Skepta singles chronology
| "Bad Boy" (2009) | "Rescue Me" (2010) | "Cross My Heart" (2010) |

= Rescue Me (Skepta song) =

"Rescue Me" is a song by British rapper Skepta. It released as a digital download on 27 June 2010 as the second single from his third studio album Doin' It Again (2011). The song peaked at number 14 on the UK Singles Chart, beating the chart position of Skepta's previous single, "Bad Boy". The track is produced by Agent X – who had also produced "Bad Boy". It is the second single released from his third studio album.

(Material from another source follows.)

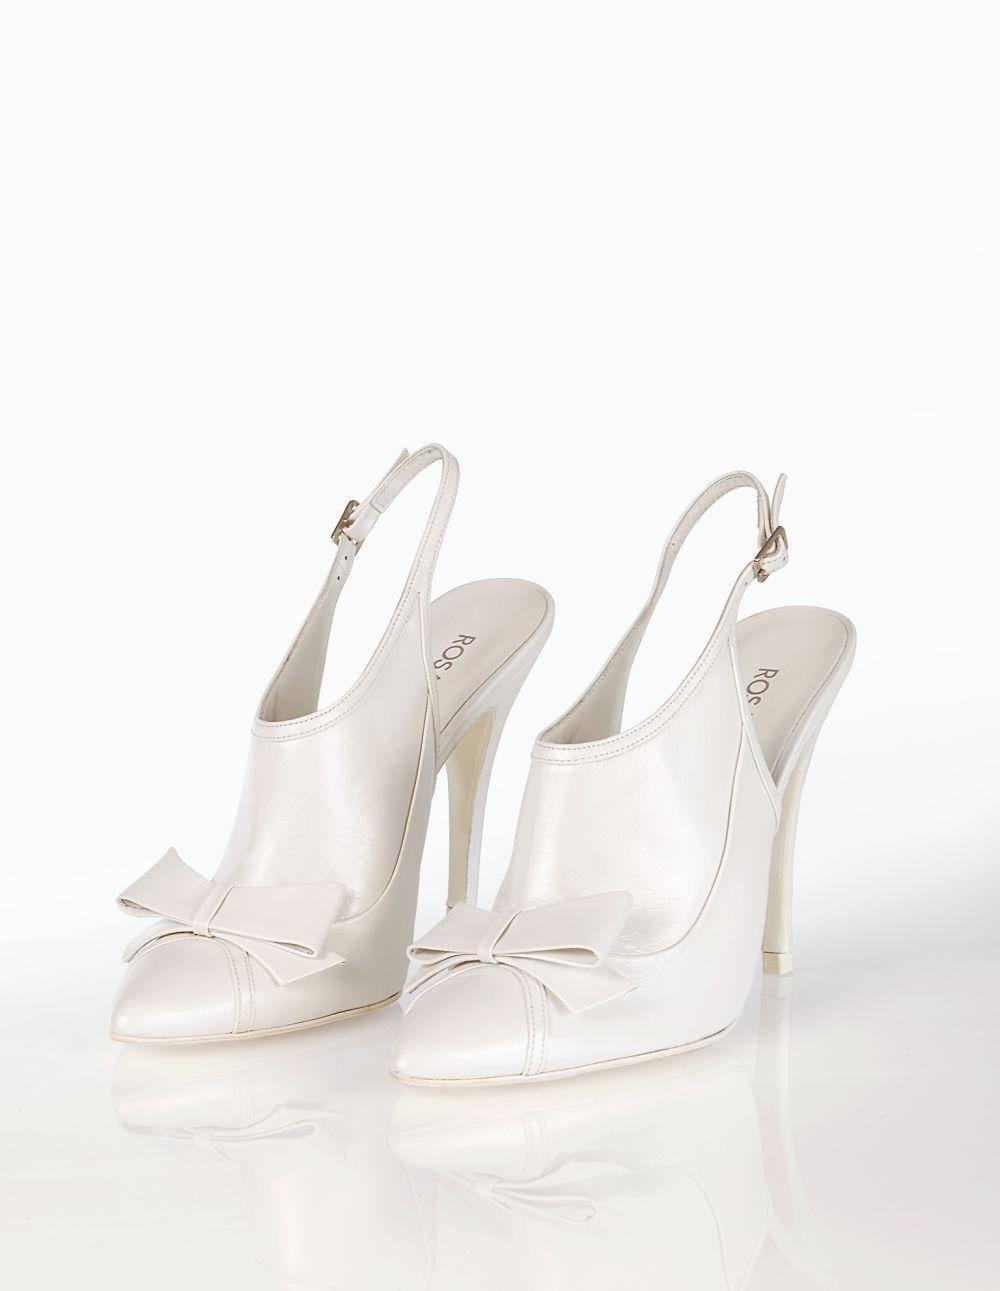 Свадебные туфли. 145 фотографий модной обуви для невесты. | raznoblog - сайт для женщин и мужчин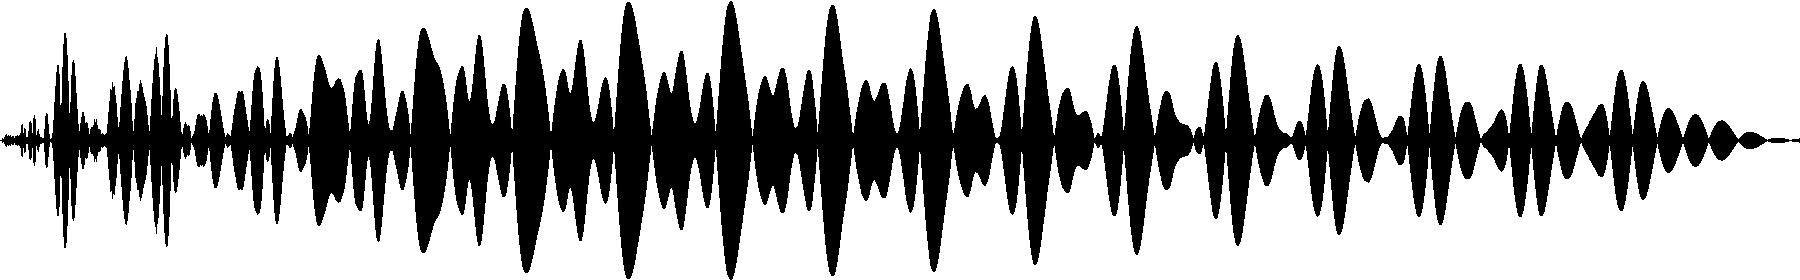 vedh bass cut 064 b

The official music video was directed by Shane Davey.

==Critical reception==
Fraser McAlpine of BBC Chart Blog gave the song a positive review stating:

Ha! Brilliant! For reasons too complicated to explain, my first experience of this song was a dodgy YouTube link which I was trying (and mostly failing) to watch on a crowded train on a really hot day. I knew this was the latest club banger from Skepta, an MC with a lot of love riding on his back. Unfortunately, I could only watch the first 21 seconds (which might sound like the feed line for a So Solid Crew joke, but it's not), and could not work out what on Earth was going on.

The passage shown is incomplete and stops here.